Девушка отрицательно качнула головой.
– Ну, если даже она не может… – Стецук развел руками, мол, чего уж нам тогда корячиться.
– Но ведь девчонка как-то выбралась из башни, – указательным пальцем сержант нарисовал в воздухе короткую дугу.
– Может, она от нее отпочковалась? – высказал робкое предположение Портной.
– Тогда на башне имелись бы и другие почки-зародыши, – резонно возразила Тарья.
– А вы, – ефрейтор указал пальцем сначала на Портного, затем – на Тарью, – разве не об одном и том же думаете?
– Об одном, – кивнула Тарья. – Только по-разному.
– Ор-ригинально, – усмехнулся Стецук. – Слушай, сержант, – мысль его быстро приобрела иную направленность, – а может, ломом попробовать?
– Бесполезно, – ответила за сержанта Тарья. – Уины будут восстанавливать ее быстрее, чем ты – ломать.
– А мы все вместе! – Стецук воодушевленно поднял сжатые в кулаки руки.
– Ликвидаторы, чтобы уничтожить башню, заливают ее жидким азотом, – сказал Макарычев. – Глубокая заморозка – единственный способ, с помощью которого можно вывести из строя уины.
– А чисто механически? – Стецук стукнул кулаком о кулак.
– Ты когда-нибудь пробовал раздавить блоху? – спросила Тарья.
– Нет.
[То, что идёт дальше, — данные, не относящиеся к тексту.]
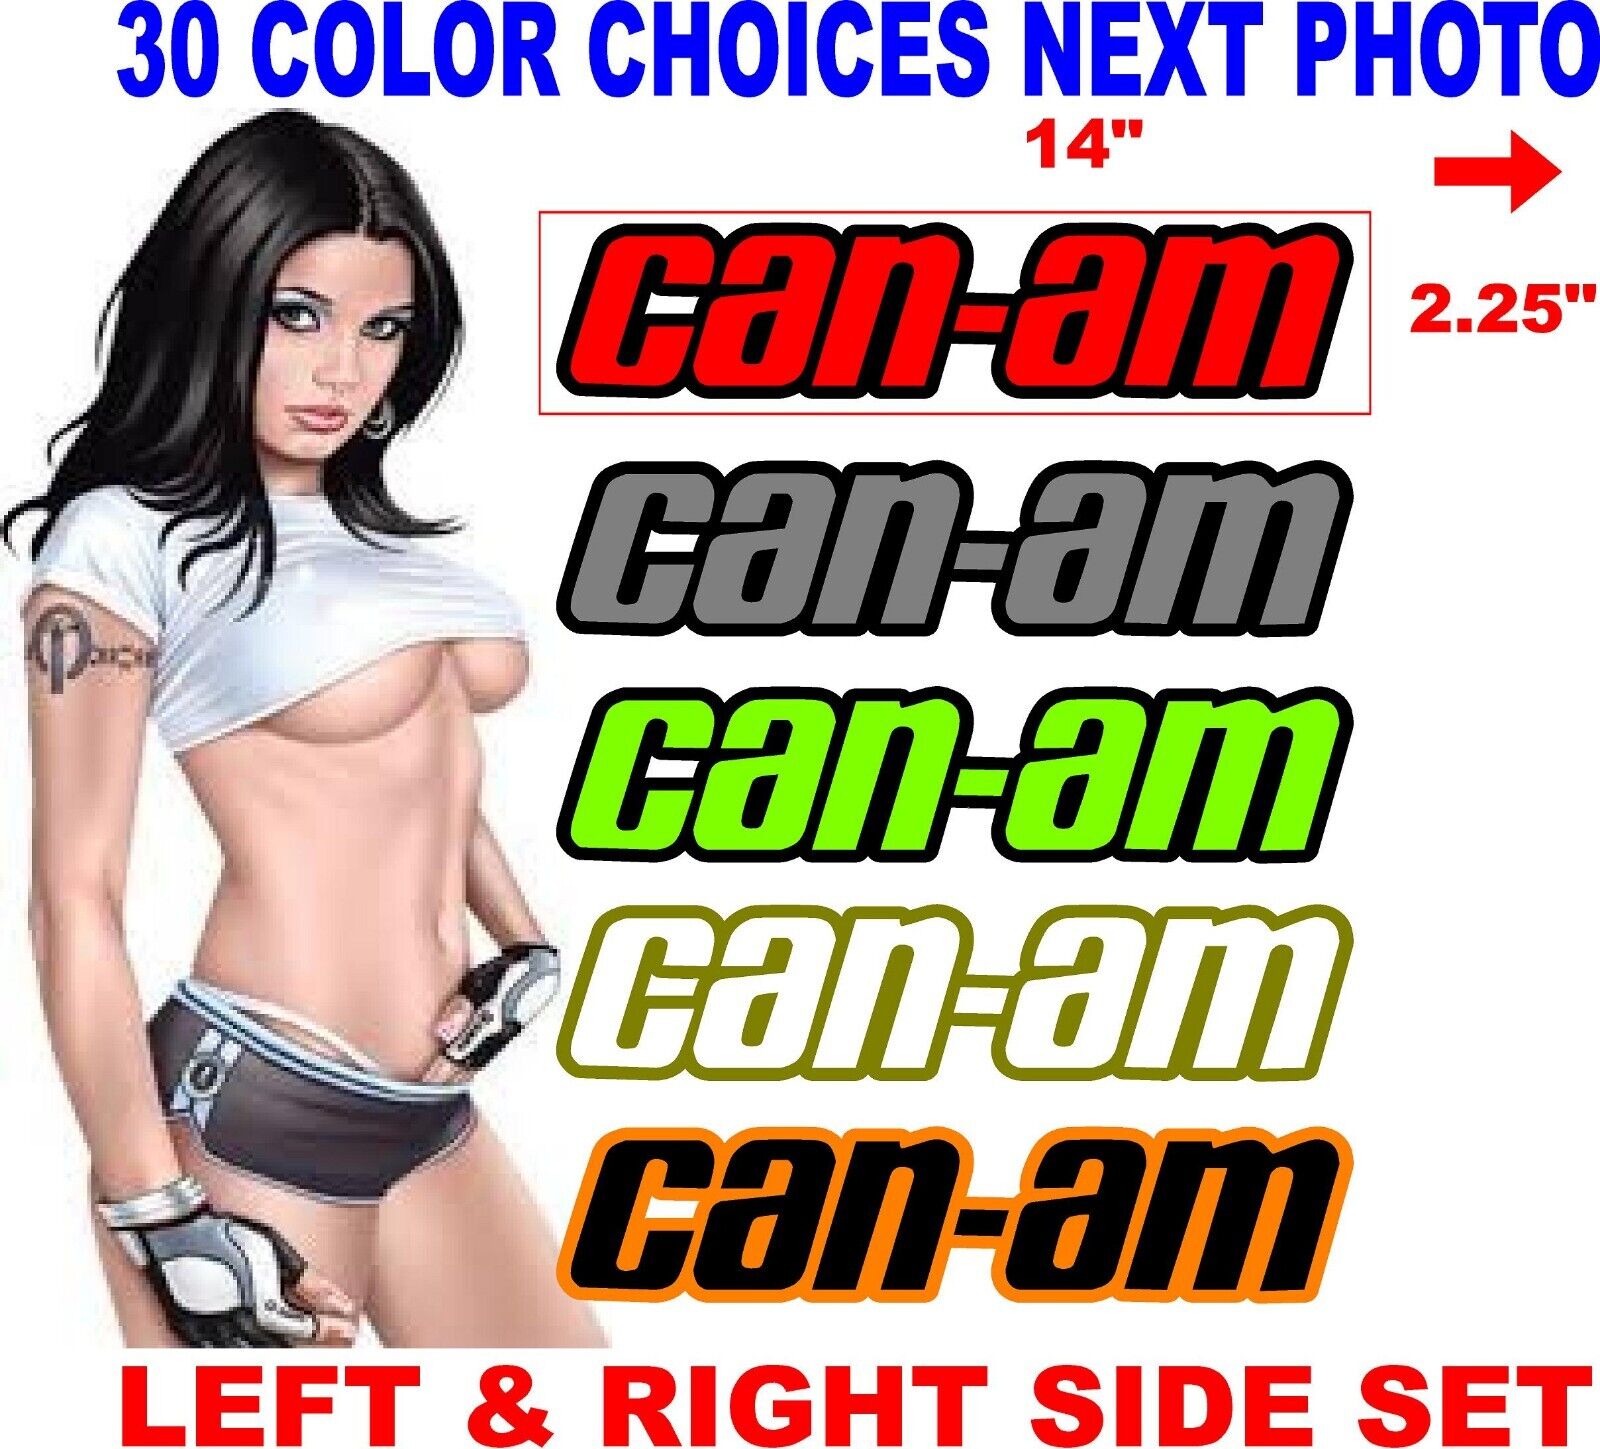 CAN-AM CANAM RYKER SPYDER BPR DECALS DECAL 2 COLOR 30 color choices
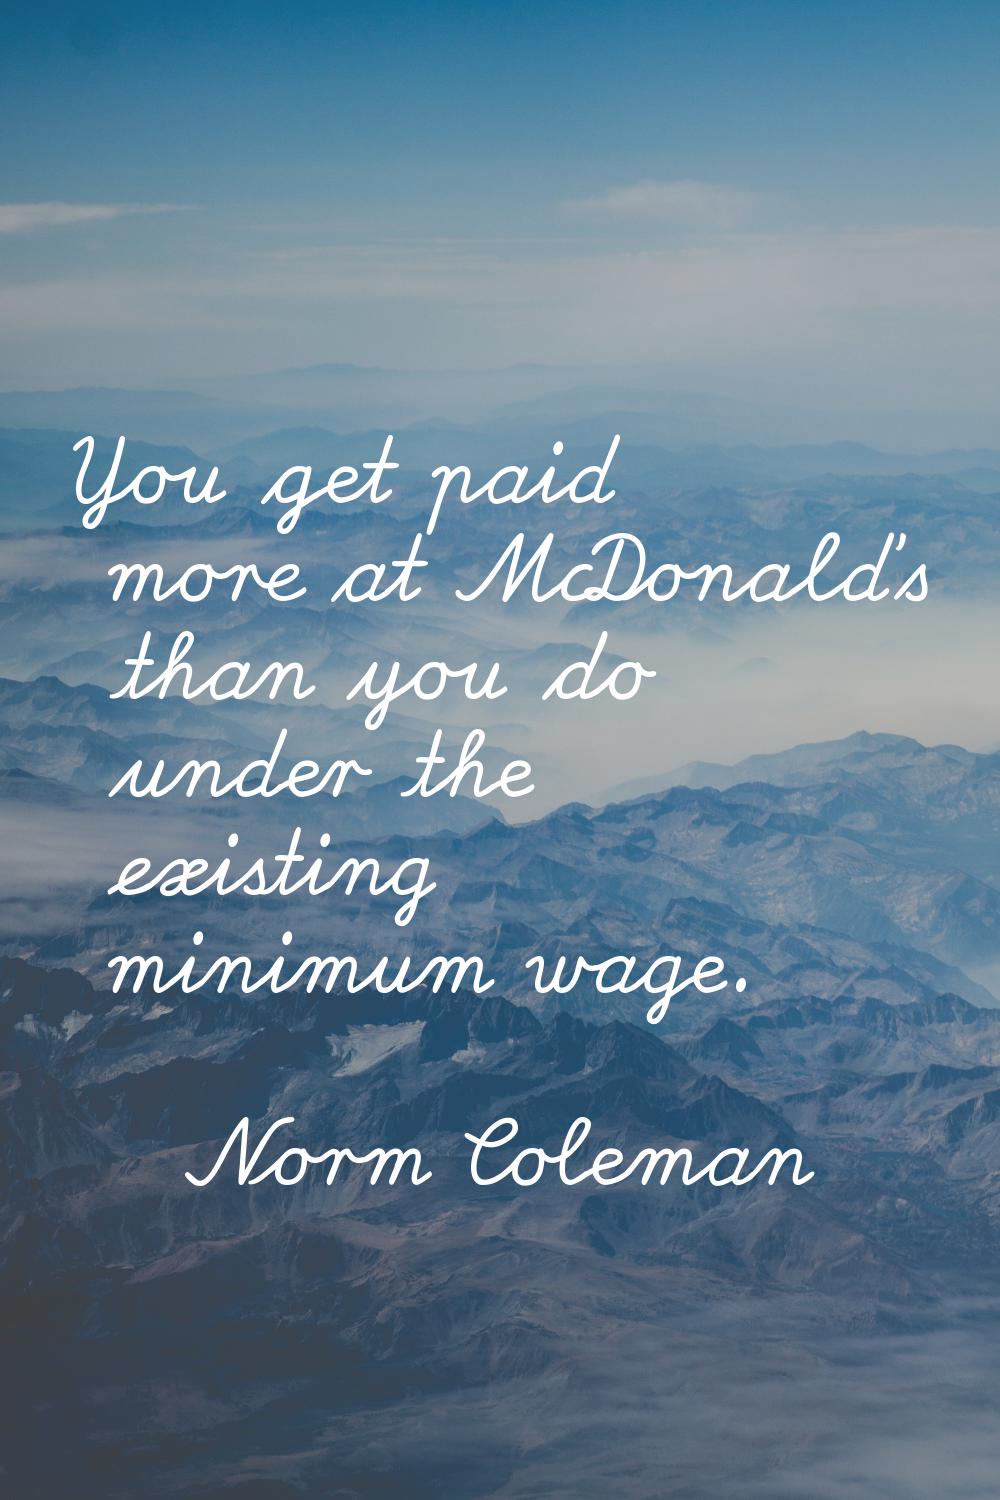 You get paid more at McDonald's than you do under the existing minimum wage.

А что, трудно?
– Невообразимо.
– Значит… – ефрейтор сунул сигарету в рот и щелкнул зажигалкой. – Нужно произнести волшебное слово. Что-нибудь вроде: «Сезам, откройся!»
– Точно! – радостно щелкнул пальцами Макарычев. – Нужно заставить башню открыть вход!
– Как? – выпустил облачко табачного дыма Стецук.
– Обмануть ее!
– Я догадалась! – радостно хлопнула в ладоши Тарья. – Мы натянем на ефрейтора шкурку мертвой девочки!
– Ага! – насмешливо кивнул Стецук. – Догадливая ты наша! Может, и натянули бы, да размерчик не тот!
– Мы должны найти вход в башню, – четко отбивая ритм взмахами пальца, произнес Макарычев. – Ну… или хотя бы попытаться найти.
– А зачем? – задал, в принципе, вполне резонный вопрос Стецук.
Портной тоже спросил бы сержанта об этом, непременно спросил бы, если бы не субординация.
– Ну, а чем тут еще заниматься? – недоумевающе пожал плечами сержант. – Сидеть, курить и ждать ликвидаторов?
– Ага, – расплылся в довольной ухмылке Стецук.
– Ладно, – махнул двумя пальцами Макарычев. – Давай сигарету.
Затянувшись, сержант задумчиво уставился на башню.
Вызов в штаб, как правило, не сулит ничего хорошего. Поэтому, когда ворвавшийся в расположение роты помощник дежурного по штабу звонко и радостно заголосил: «Сержанта Макарычева к командиру батальона!», сержант снял с ноги тапок и запустил им в посыльного.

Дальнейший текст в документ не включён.